Pascual Cantos Gómez , Aquilino Sánchez Pérez , Moisés Almela Sánchez
En el presente artículo se expone la estructura de un algoritmo para la desambiguación automática de significados a partir de colocados. El objetivo de nuestro algoritmo es lograr la máxima eficiencia reduciendo al mínimo (1) los costes computacionales y (2) el recurso a los corpus anotados o etiquetados. La formalización del algoritmo se fundamenta en el análisis de funciones discriminantes. Esta técnica estadística nos permite parametrizar cada uno de los colocados con su correspondiente significado, valiéndonos solamente del texto plano. Los datos parametrizados nos permitirán clasificar cada caso (frases con una palabra ambigua) en una variable de valores de dependientes (es decir, cada uno de los significados de la palabra ambigua). Para comprobar la validez y eficiencia de nuestro algoritmo desambiguador, desambiguamos primero manualmente el significado de la palabra estudiada en cada una de las frases en que ésta aparecía, para luego validar los datos clasificados con la aplicación automática del desambiguador de sentidos. Finalmente, presentamos los resultados globales de nuestro algoritmo, tras aplicarlo a una muestra de limitada de oraciones de ambas lenguas, español e inglés. Al mismo tiempo ponemos de relieve algunos de los aspectos que consideramos relevantes de cara a investigaciones o trabajos futuros.
This paper presents an algorithm based on collocational data for word sense disambiguation (WSD). The aim of this algorithm is to maximize efficiency by minimizing (1) computational costs and (2) linguistic tagging/annotation. The formalization of our WSD algorithm is based on discriminant function analysis (DFA).

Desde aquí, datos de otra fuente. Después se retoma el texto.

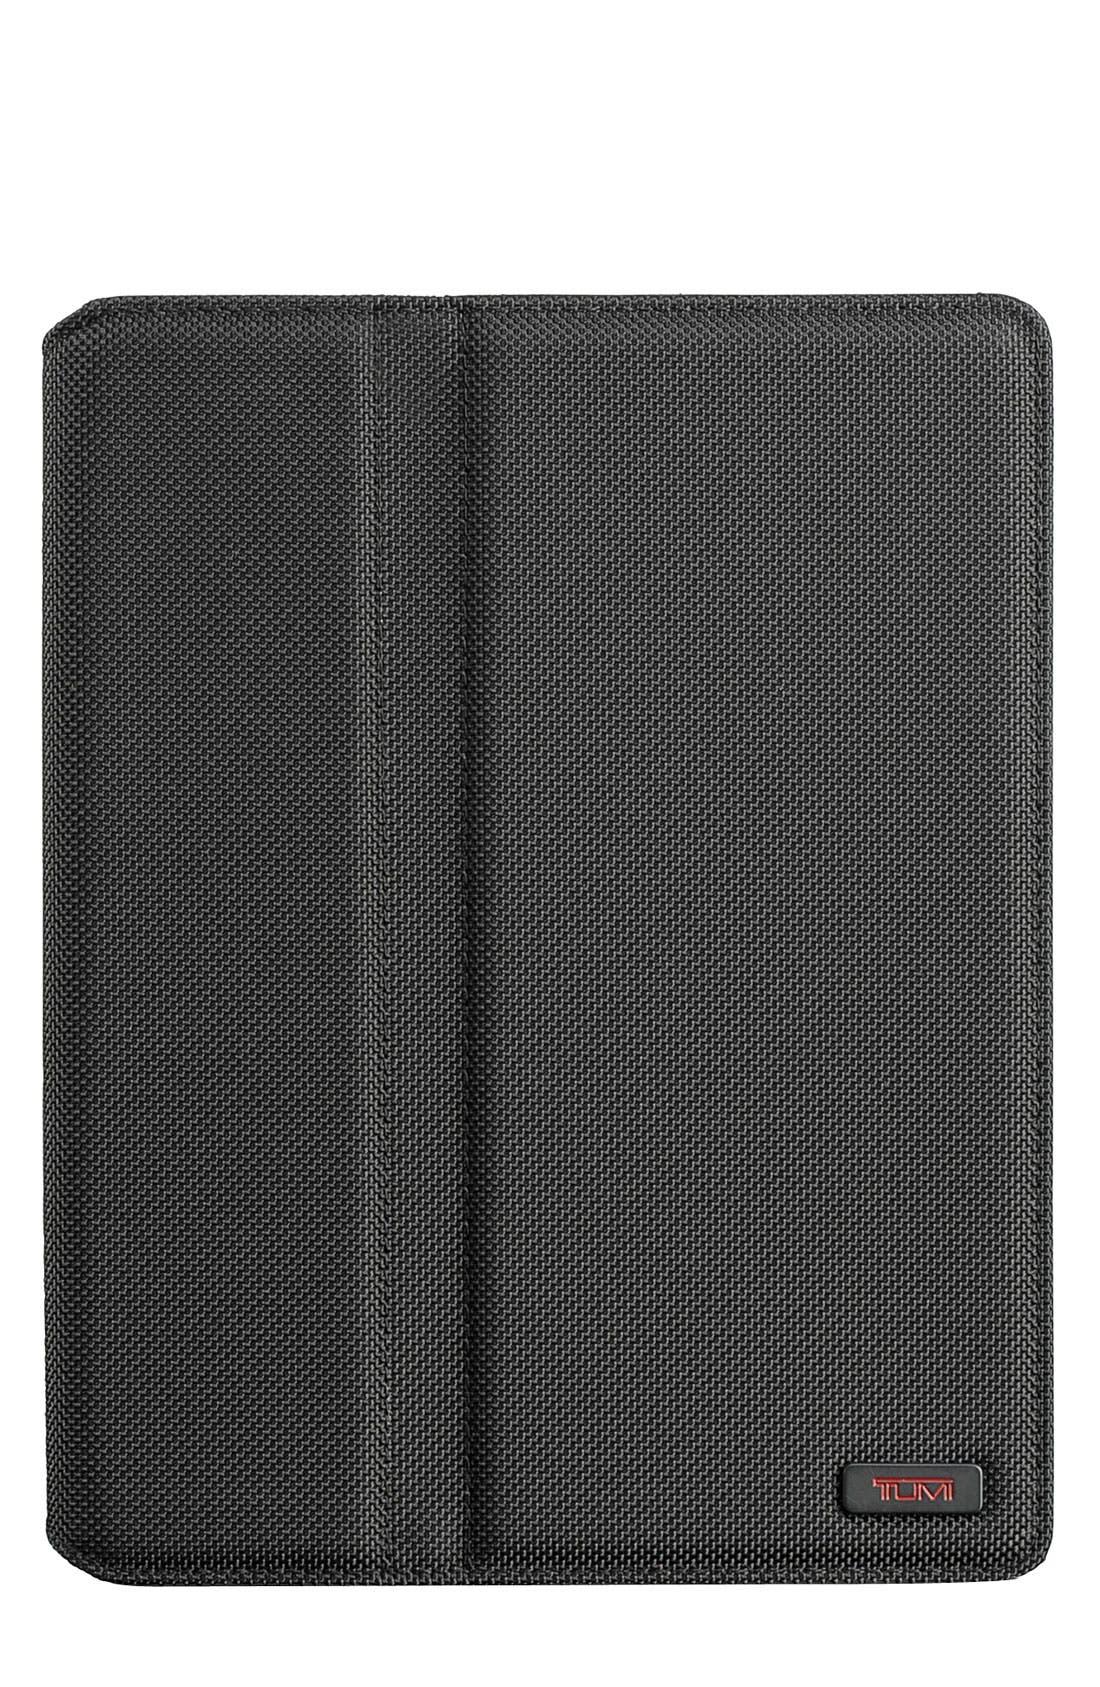 Alternate Image 1 Selected - Tumi Ballistic Nylon iPad 2 Cover

This statistical technique allows us to parameterize each collocational item with its meaning, using just bare text. The parameterized data allow us to classify cases (sentences with an ambiguous word) into the values of a categorical dependent (each of the meanings of the ambiguous word). To evaluate the validity and efficiency of our WSD algorithm, we previously hand sense-tagged all the sentences containing ambiguous words and then cross-validated the hand sense-tagged data with the automatic WSD performance. Finally, we present the global results of our algorithm after applying it to a limited set of words in both languages: Spanish and English, highlighting the points we consider relevant for further analysis.